# abfahren/anfahren



## manfrotto

Viendo webs de transportes de Alemania entiendo que abfahren significa arrancar/partir y anfahren llegar.

Pero en el periódico he leído anfahrenden refiriéndose a un tren que arrancaba.

¿Qué es correcto?

Gracias.


----------



## Alemanita

abfahren significa partir, salir del andén (en el caso de trenes, claro).

anfahren no significa llegar, sino arrancar, ponerse en movimiento. También puede significar tocar en el recorrido (una estación, una parada).

Espero haberte ayudado.


----------



## manfrotto

Alemanita said:


> abfahren significa partir, salir del andén (en el caso de trenes, claro).
> 
> anfahren no significa llegar, sino arrancar, ponerse en movimiento. También puede significar tocar en el recorrido (una estación, una parada).
> 
> Espero haberte ayudado.



Gracias!

Y hay algún verbo para llegar, en caso de trenes por ejemplo?


----------



## Pyramus

Si, llegar es "ankommen", pero las palabras "ab*fahren*" y "an*fahren*" significan que alguien o algo se va. Es un poco como la diferencia entre "ir" y "venir".


----------



## Captain Lars

Un tercero significado de "anfahren", esta vez como verbo transitivo, sería atropellar.


----------



## Alemanita

manfrotto said:


> Gracias!
> 
> Y hay algún verbo para llegar, en caso de trenes por ejemplo?

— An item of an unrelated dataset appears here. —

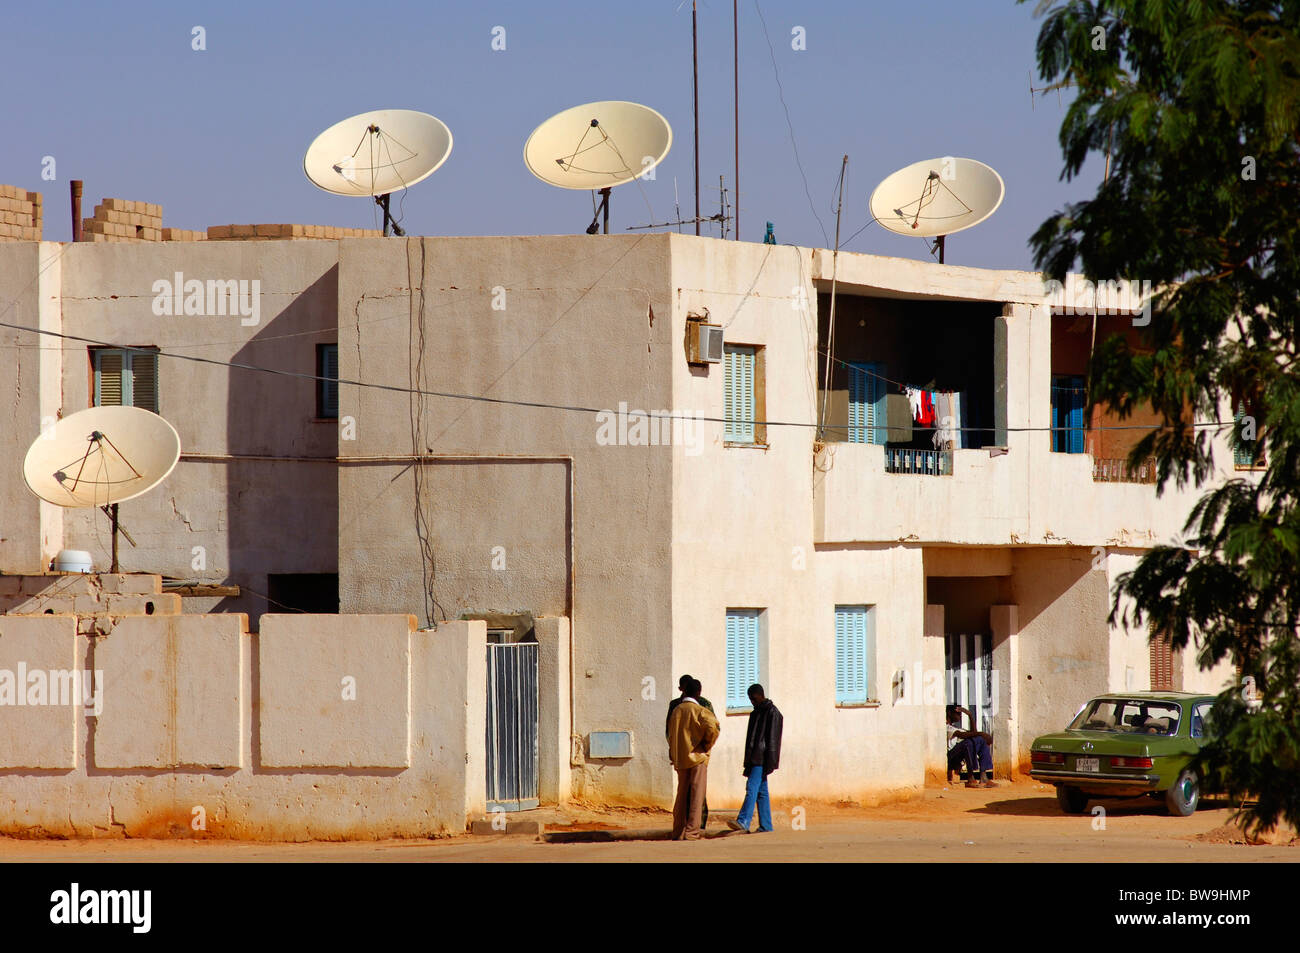 Modern residential buildings with satellite dishes on the roof in the town of Jerma, Libya Stock Photo
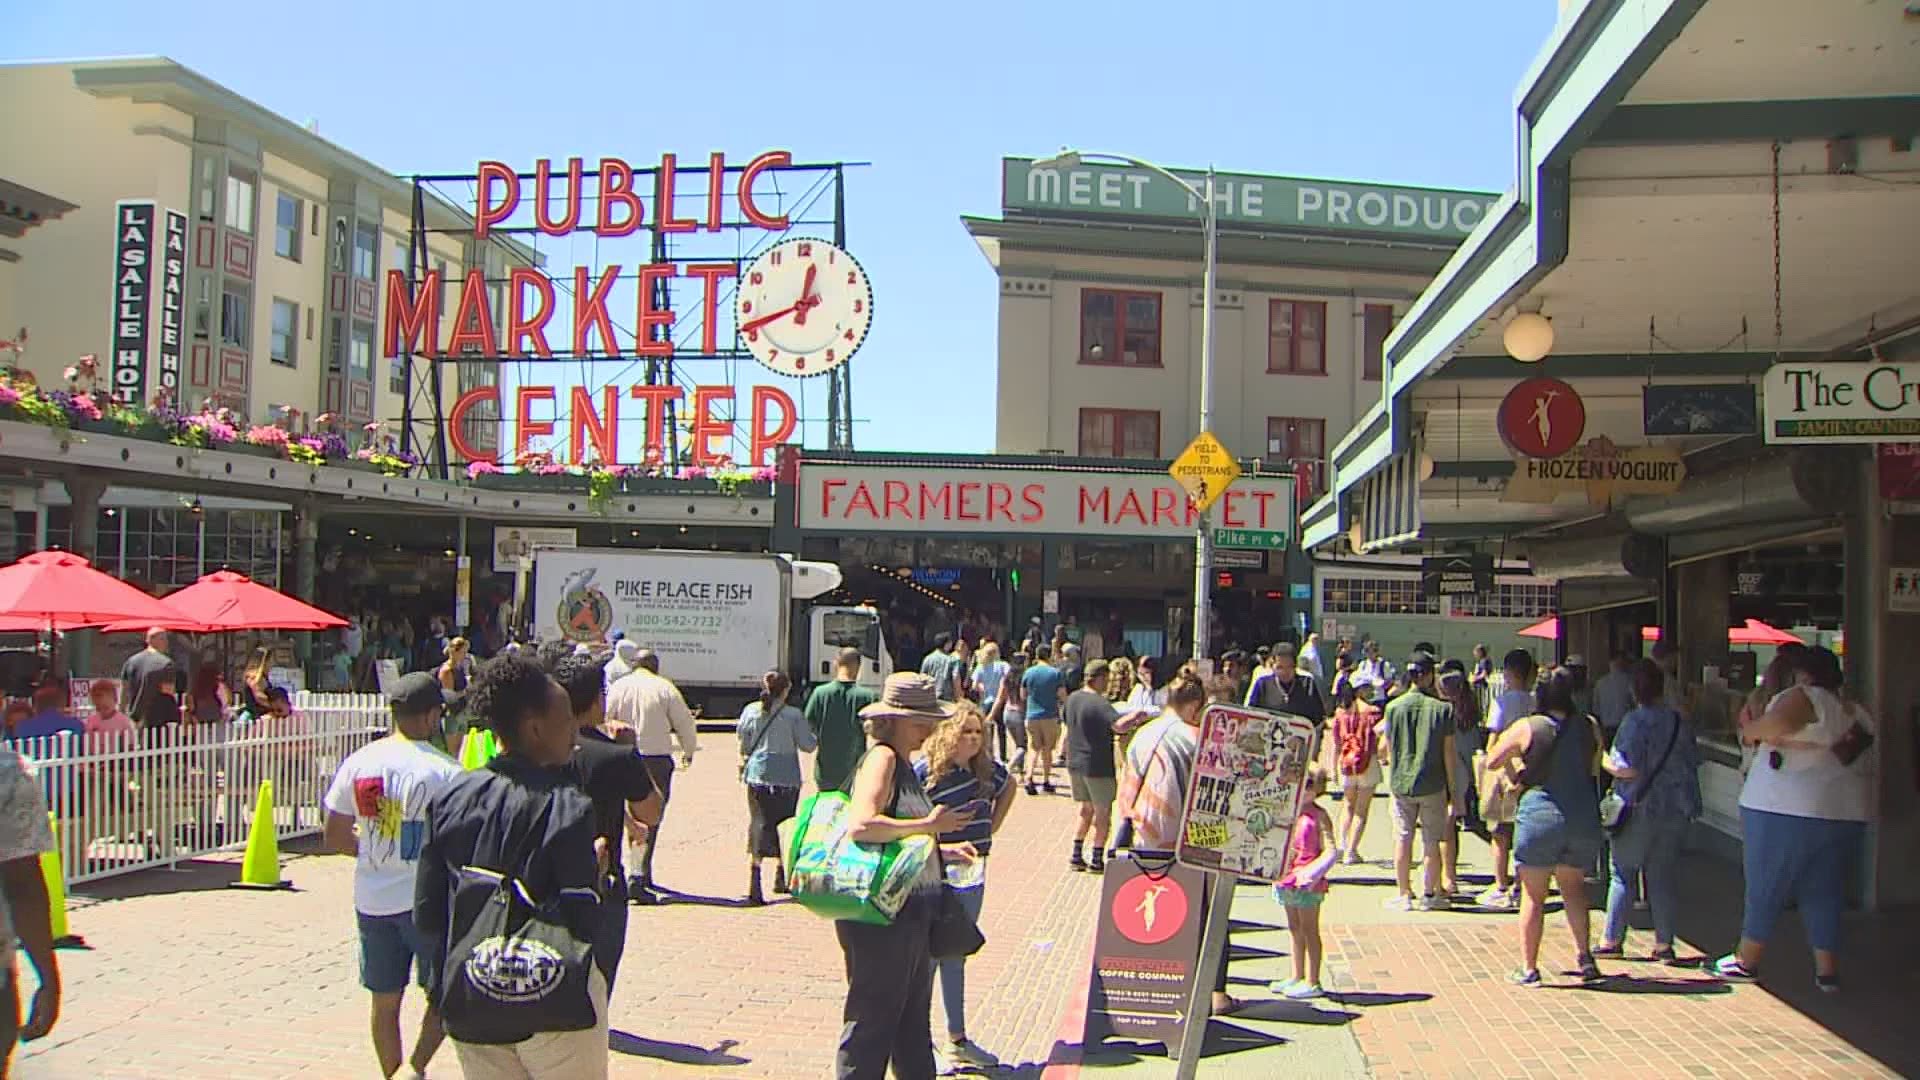 One of Seattle's most iconic tourist destinations is seeing a resurgence in visitors from tourists and locals alike as summer gets in full swing.

Como ya dijo Pyramus, llegar en general es 'ankommen'; para trenes se podría usar también 'einfahren', cuando el tren está entrando en la estación, todavía en movimiento.


----------



## Geviert

> _he leído anfahrenden refiriéndose a un tren que arrancaba._


_


Anfahrend _es el participio presente del verbo _anfahren_, tiene función adjetival según el caso. En este caso para designar que el tren está partiendo.


----------